Branches whip my face. Heat’s pouring off me in waves—raw, shameful, ripe. I know they can smell it. My Alphas. My curse. My f*****g undoing.
Above me, the moonlight shines as if it’s mocking me. I have known this forest since I was young so it's easy for me to run for them. There’s a cave. I know where. If I can just stay ahead, if my legs hold, if my claws don’t snap—
I can make it. I can f*****g make it.
The ground tips under me then the ridge. Shit.I tumble—rocks, bark, dirt slashing under fur—and I can’t slow it, paws scrabbling, claws raking nothing, body thrown sideways through trees. Branches hit me. I hit back.
My ribs scream. My ankle twists wrong—no—no, it resets mid-roll, wolf healing too fast, too brutal, too raw to help.

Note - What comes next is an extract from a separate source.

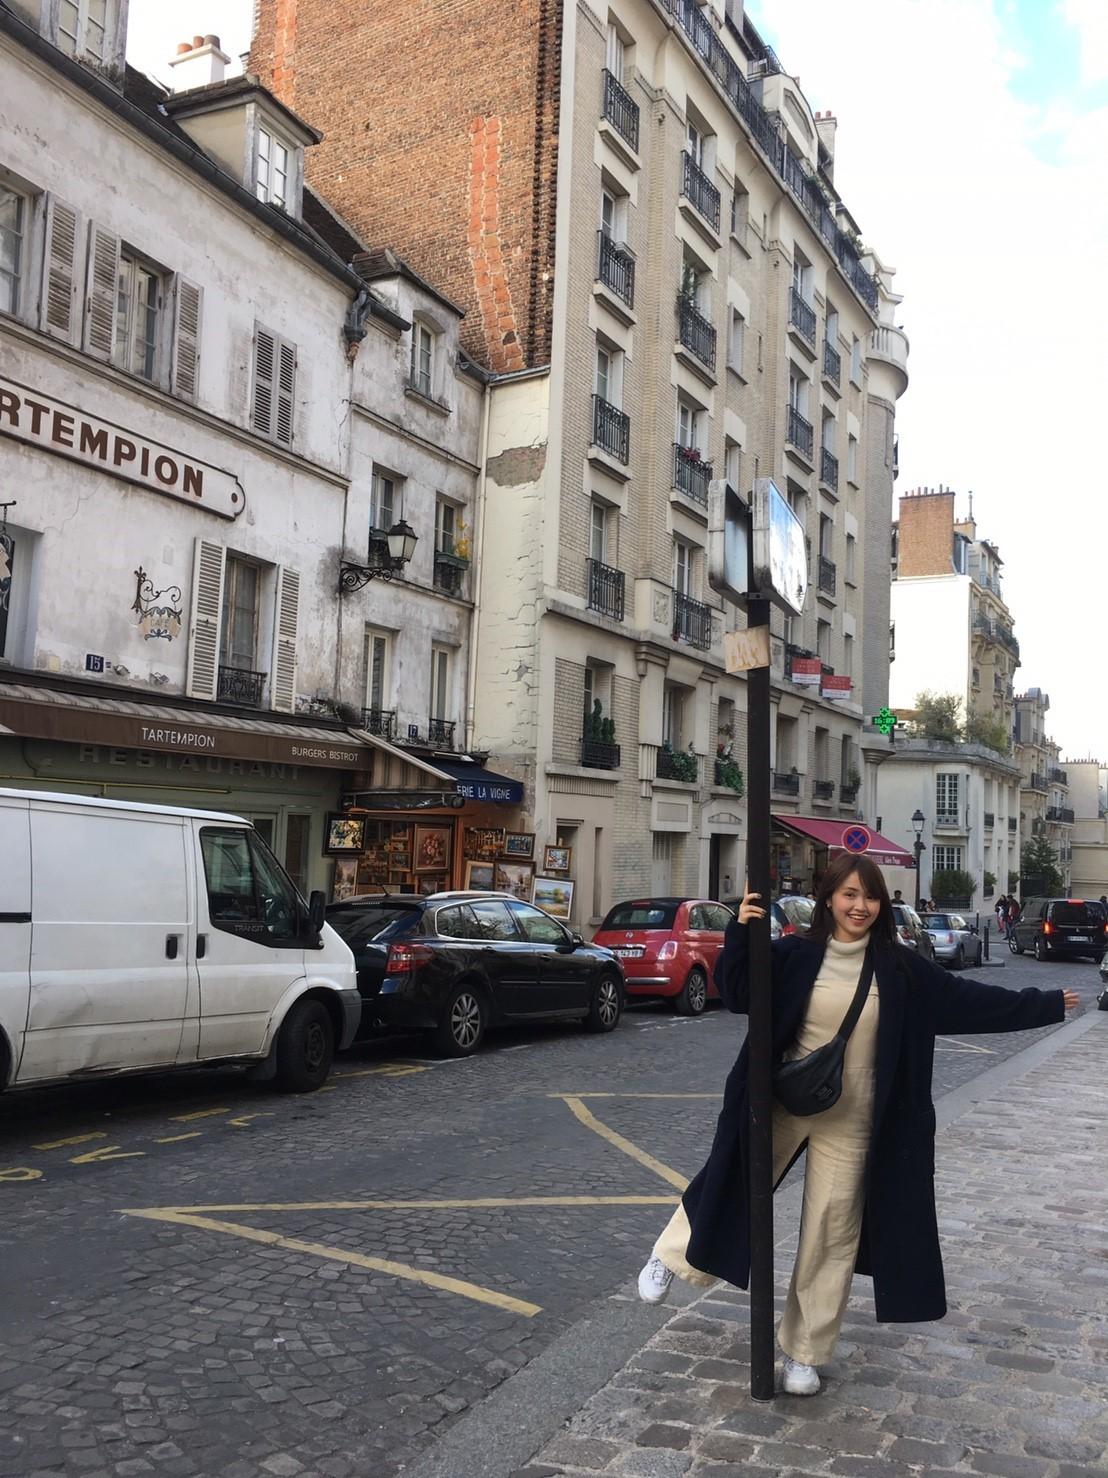 これからフランス旅行を考えている人に見て欲しいブログ①〜フランスこんな国でした〜_1_1-1

I crash at the bottom in a heap of fur and blood and breath.
Can’t breathe.
Can't—
A mewl breaks out of me, humiliating, low and soft like a cub’s, and I hate it. Hate how it slips free like heat from my gut, shame-pitched and helpless.
The forest spins.
My vision pulses—white, black, silver—moon above me, still watching, still owning me, and I smell them, their scent carving through the trees like knives.
Malrik.
Tres.
Jarrick.
I try to lift my head. My paw jerks. Nothing moves right. The shift cost me. The heat’s still burning in my belly, curling deep, dripping out of me with every breath.
They’ll find me.
They’ll take me.
I pass out before I can stop it.
—
The dark doesn’t stay dark.
Something wet hits my flank—spit, breath, a growl I can’t name—and I come to with my cheek half-buried in blood-warm dirt, ribs cracked open against the forest floor.

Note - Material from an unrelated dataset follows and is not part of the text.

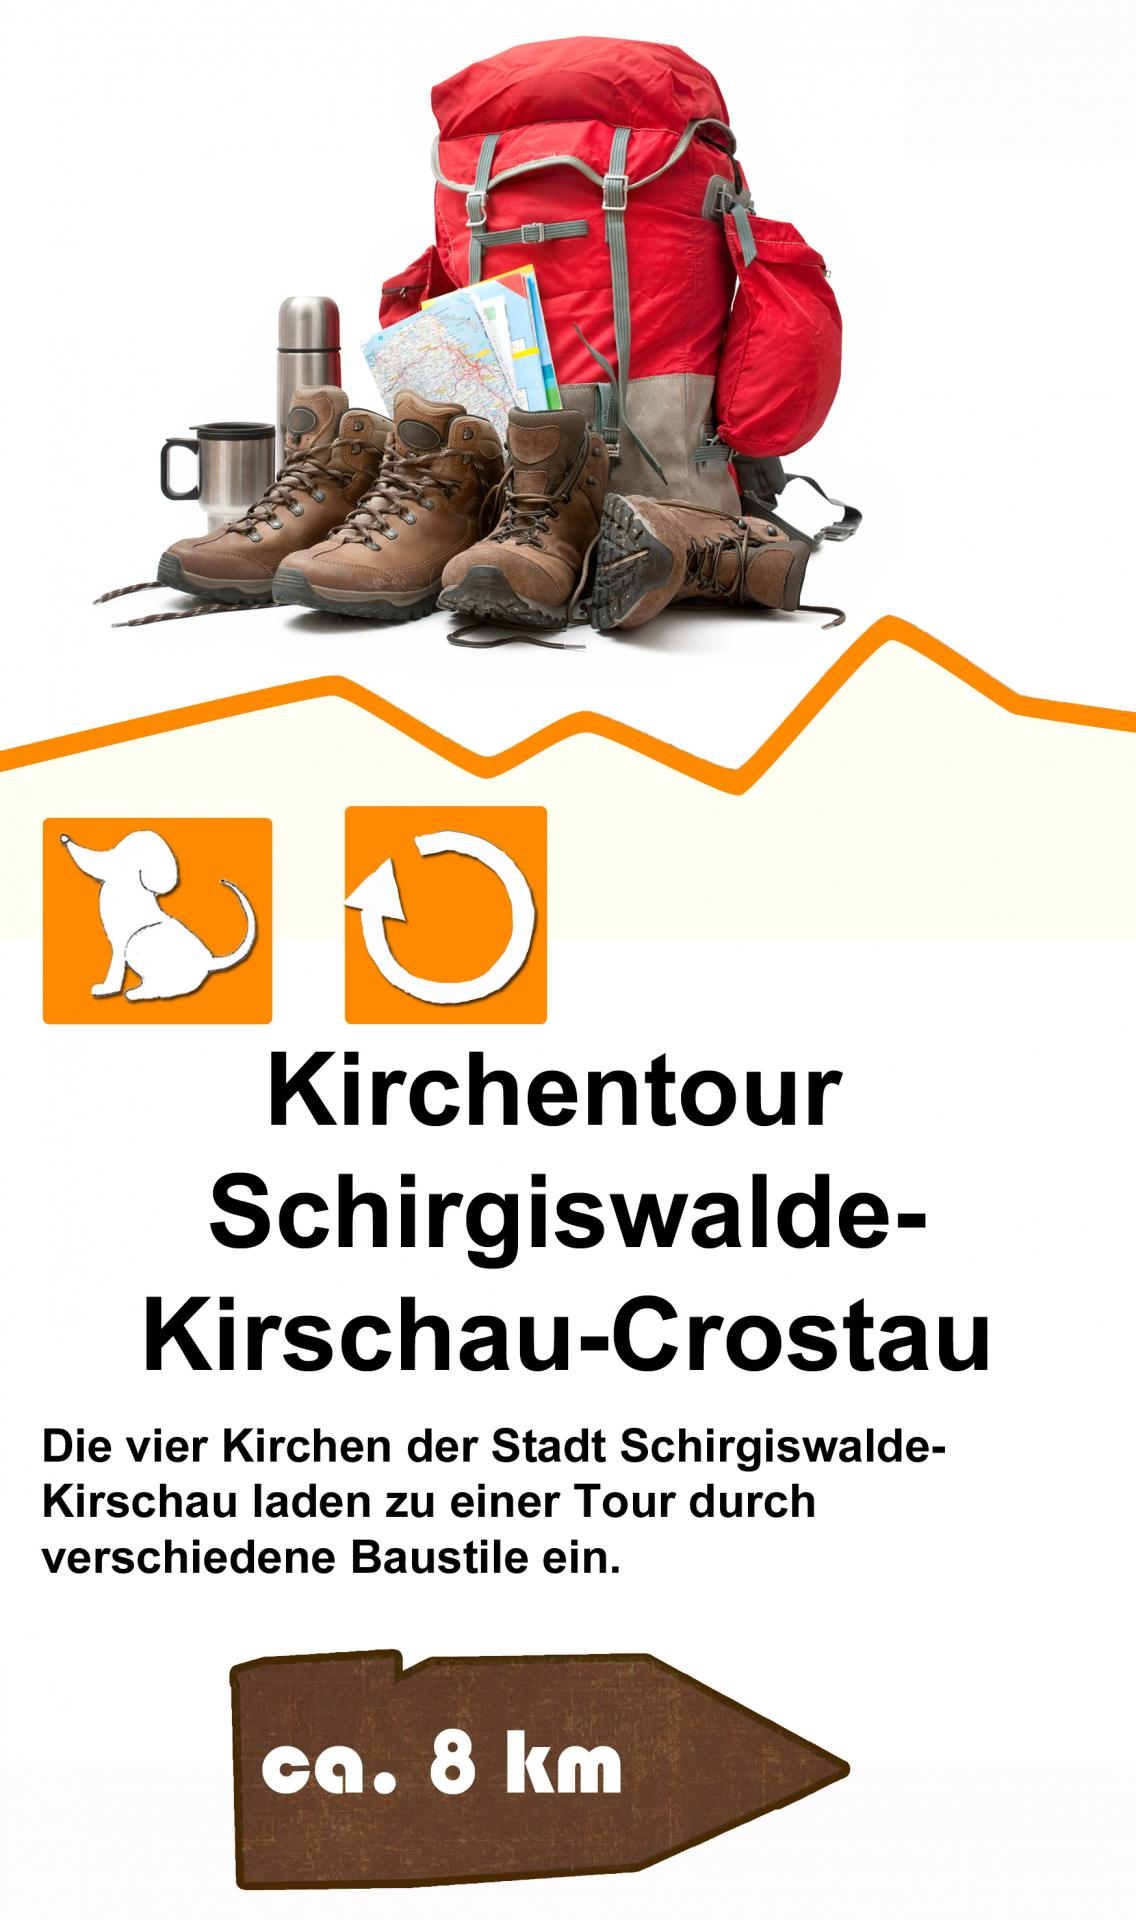 Kirchentour Schirgiswalde-Kirschau-Corstau

Shit, what happened to me?
I groan and drag my arm under me, nails torn, shoulder raw. My whole body’s screaming. Scraped, filthy, leaking.
A breath—low, animal, close—and something shifts in the dirt beside me.

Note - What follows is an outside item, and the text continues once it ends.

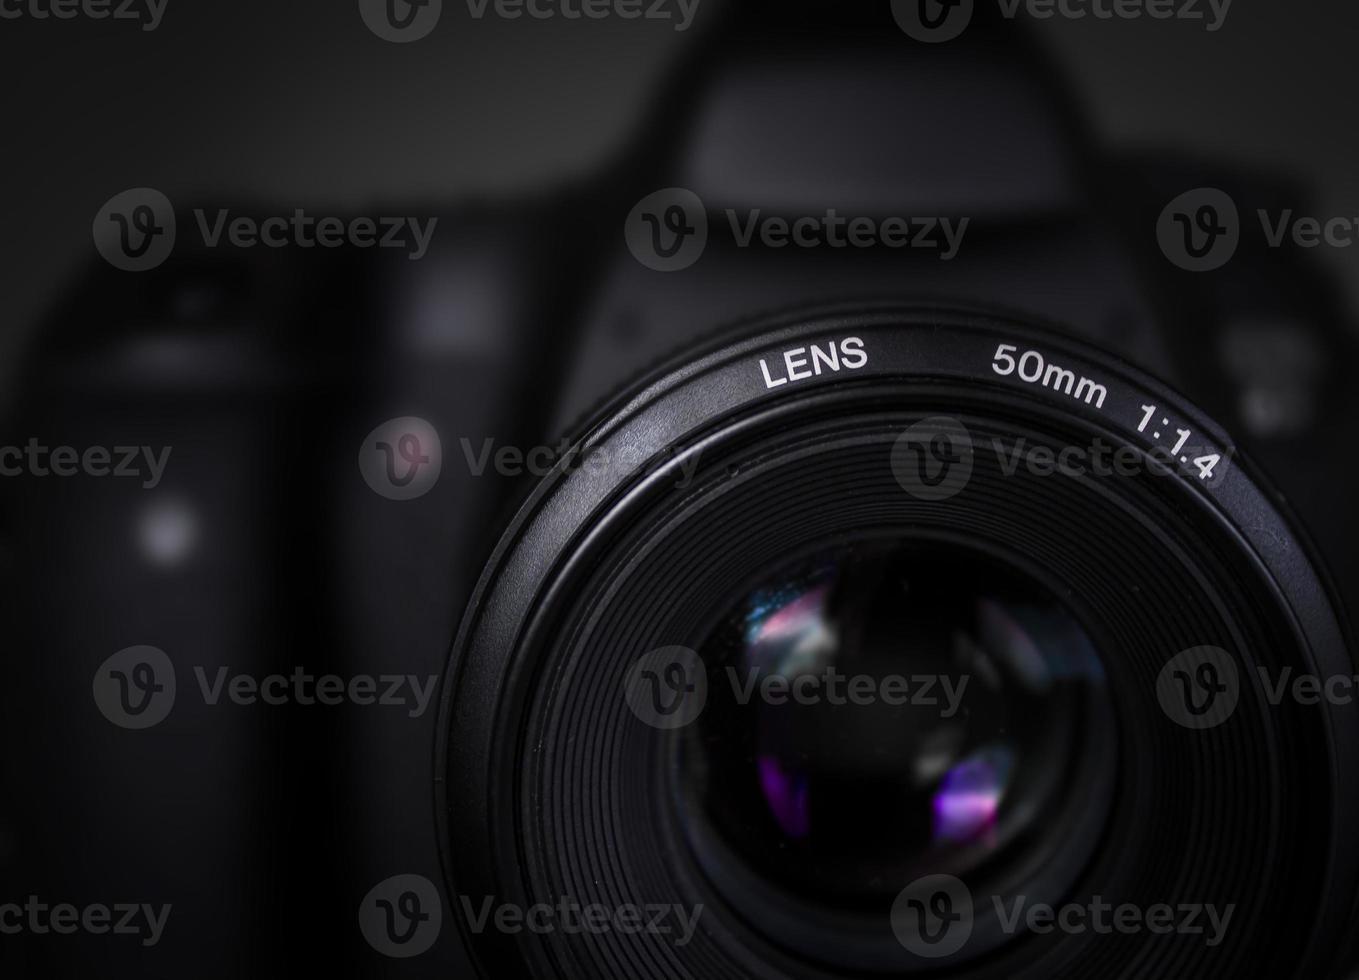 fotocamera reflex digitale con obiettivo da 50 mm. foto

I turn my head, slow, broken-jointed slow.
And they’re there.
All three.
Malrik’s crouched closest, one hand on the ground, the other fisted in nothing, his chest heaving, eyes golden-bright. “Had a fun night?”
Their eyes never leave me.
Jarrick shifts first. Silent. Always the quiet one. He shrugs off his jacket, and puts it on me. "She's wounded and the guards will patrol this area soon. Let me take care of her."
Malrik chuckles. “ Acting hero now, brother?"
I lift my head, barely. “What... happened?”
Jarrick kneels beside me, one knee in the dirt, eyes scanning my face like he’s checking for bruises. " We all lost control last night, it's better if you come with me to the office--"
"No," Malrik says, " You'll treat her in the pack house."
Jarrick’s shoulders tense. Just slightly. “It’s cleaner in the medical wing. She’s—”
“She’s not a patient.” Malrik’s eyes cut sharp toward me, then back to him. “She’s ours.”
My heart kicks.
Jarrick doesn’t move. “She’s in shock.”
“She’s in heat,” Tres says, voice curling from the trees behind them. “Don’t pretend it’s not why you’re rushing to get her alone.”
I flinch. The burn in my gut stirs again—hotter now, crueler, shame-laced and thick.
“I’m not going anywhere,” I snap, voice rough, broken. “Don’t talk like I’m some dying rabbit.”
Malrik steps closer. Too close. His boots graze my knee where I’m still crouched low in the dirt. I pull the jacket tighter around me.
“You shifted for the first time without help,” he says. “Fell. Bled. Woke up naked in the woods with three Alphas breathing down your throat. You’re not a rabbit, little one. But you’re not fooling anyone either.”
“What does that mean?”
“I’m taking her to the office,” Jarrick says, rising again.
“No.” Malrik’s already walking forward, his bare chest still heaving from the shift. “You’re not hiding her in your den like she’s yours.”
“She’s not yours either,” Jarrick snaps, low.
Tres growls behind them. His shift’s only halfway done—claws still out, his mouth too sharp, his eyes glowing. “Enough. We bring her back. Pack house. She gets treated where we can see her. She’s an omega in heat, not a f*****g secret.”
Jarrick bristles, but he looks at me again. My body’s sagging now, the heat still pulsing low in my belly, the shame of it burning hotter than blood.
“Can you walk?” he asks.
I try. My knees slip out from under me, and I hiss as the jacket shifts open.
Malrik growls. “Pick her up.”
Jarrick lifts me before I can protest—arms under my legs, chest to mine. He’s hot. Scalding. Too close. His pulse beats against my ribs.
“I’ve got you,” he murmurs, and I don’t know why but my body melts into it.